4. Employer Files Claim
Once the employer receives the First Report of Incident or other initial paperwork, they will file a claim with the insurance carrier and — in some states — notify the state workers’ compensation board. Just as the employee must file his paperwork within a designated period of time, so must the employer to avoid penalties and fines. The time frame varies by state. New York, for example, requires employers to file the claim within 10 days from the accident or the first report of the injury.
Employers must accommodate the injured employee. This means that they must provide time off without penalties if needed, and they must hold the employee’s position in anticipation that they will return to work. If the employee can work while injured, the employer must provide at-work accommodations so the employee can manage tasks even while hurt. The employer can only fill the position if the employee’s injury will prevent them from returning to their original job.
5. Insurer Approves or Denies Claims
The insurance carrier will take into account all the details of the incident. If necessary, they will launch an investigation into the details leading up to the incident to look for employer liability, employee liability, or fraud.
States vary on timelines, but there is a finite number of days that the insurance carrier has to review the claim and either approve it or deny it. This timeline can be anywhere from 14 to 30 days, contingent on state laws. Additionally, the state workers’ compensation board monitors claim decisions to look for areas where claims may be erroneously denied by companies or insurance carriers.
What Happens When a Claim Is Approved
If the claim is approved, the injured employee can receive all eligible benefits, such as:
- Medical care
- Physical therapy
- Lost income payments
- Vocational rehabilitation
In some cases, the insurer may offer the injured worker a settlement to close the case. The settlement may be for a lump sum or structured payments over time.
What Happens When a Claim Is Denied
Injured workers have the right to dispute or appeal claims when they’re denied. While it varies from state to state, injured employees must appeal the decision within a given time frame, often 30 days. If an employee feels that they were not provided the benefits owed to them, they may obtain legal representation to address the issues at hand.
6. Employee Returns to Work
Hopefully, the employee will be well enough to return to work. Once again, it is important that employers not fill the position with anyone other than temporary help unless they receive notice that their employee will not return to work. This may happen if a claim goes on for more than a year, and the employer can’t hold the position any longer.
In some cases, an employee may only be able to return to limited duties, often made possible with modifications to his:
- Job duties
- Work hours
If an employee cannot return to work, he will be eligible for permanent disability through the workers’ compensation policy. Where possible, employers can retrain employees for jobs that the employee can perform even with a permanent disability.
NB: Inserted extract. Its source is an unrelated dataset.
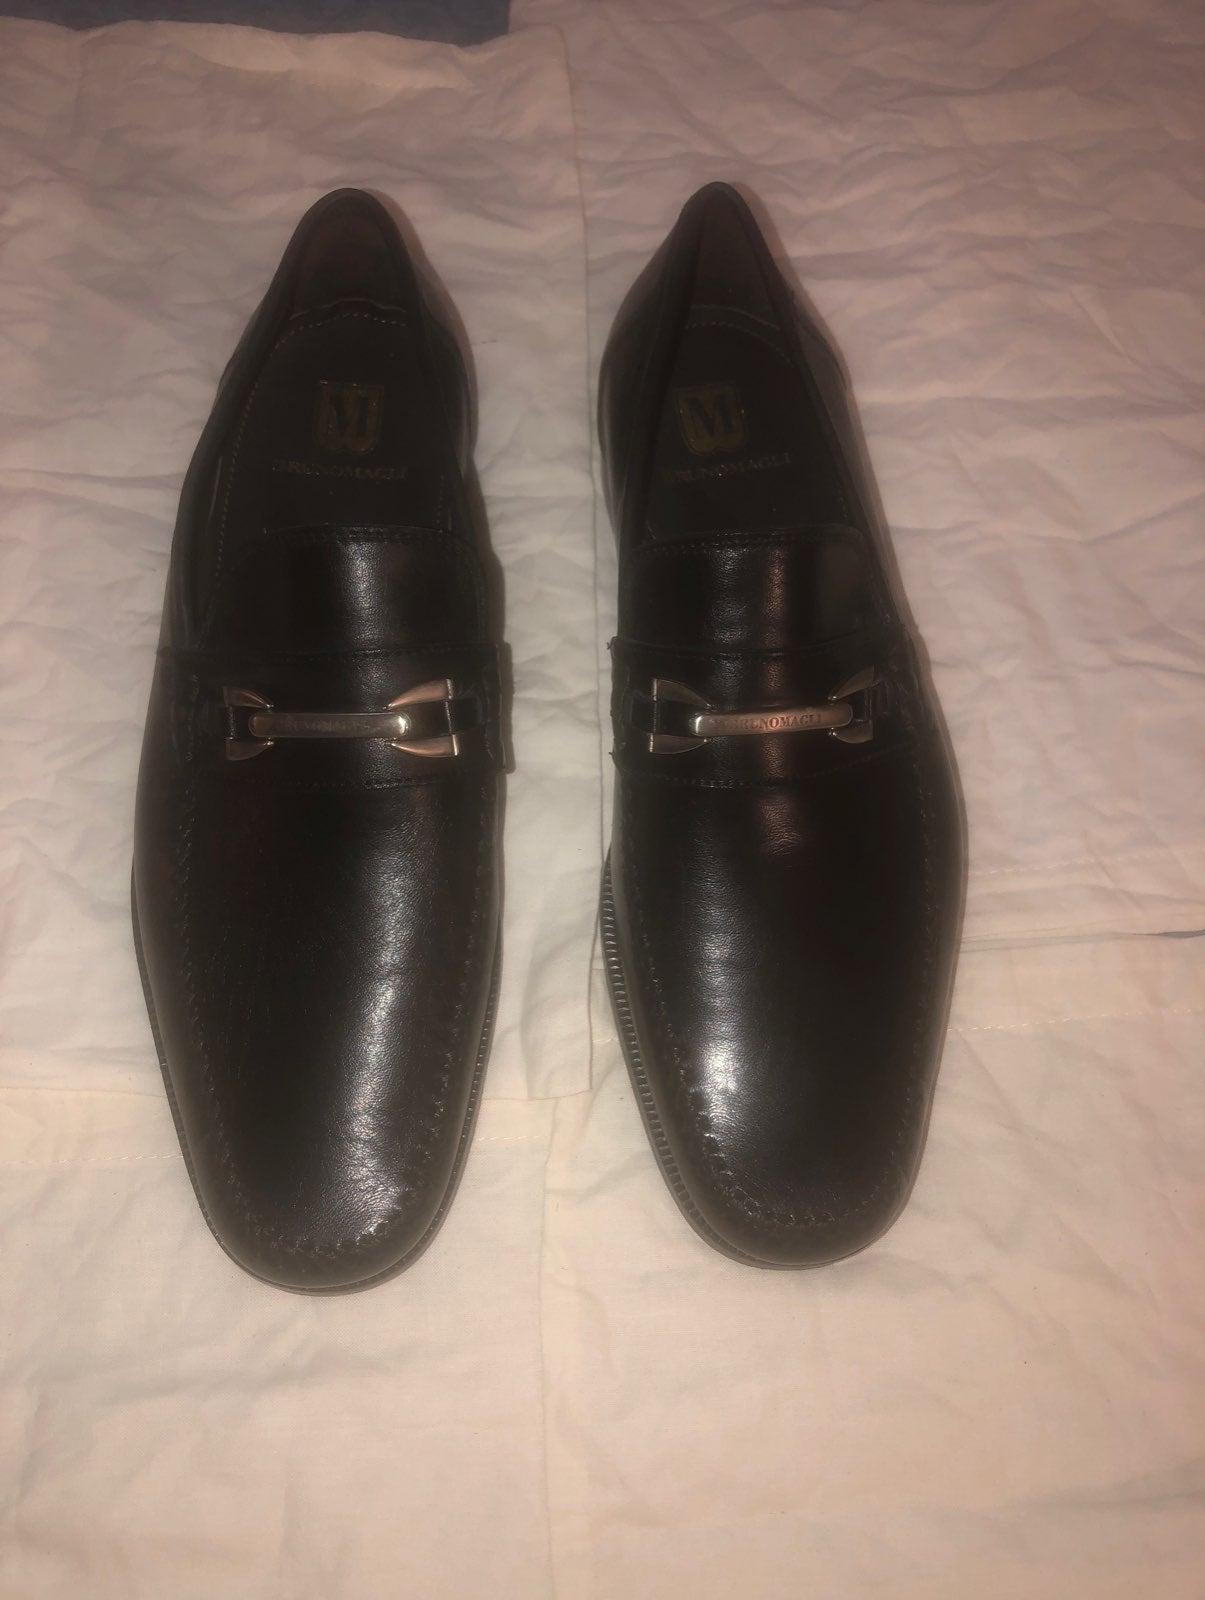 Brunomagli Loafers size 91/2

What Are the Employer’s Responsibilities in Workers’ Comp Claims Process?
Employers play an integral role in making sure that workers’ comp claims are processed properly and expediently. As such, there are certain employer’s responsibilities to be mindful of. Their role in the claims process starts with getting medical attention to the injured employee immediately. From there, filing paperwork on time is required by state laws. The employer should comply with all requests for information from the insurance carrier and the state workers’ compensation board.
The workers’ compensation claims process has many moving parts that involve the employee, the employer, medical providers, and insurance carriers. It’s important that everyone responds to details quickly to ensure the employee gets the care needed to get healthy and return to the job sooner than later.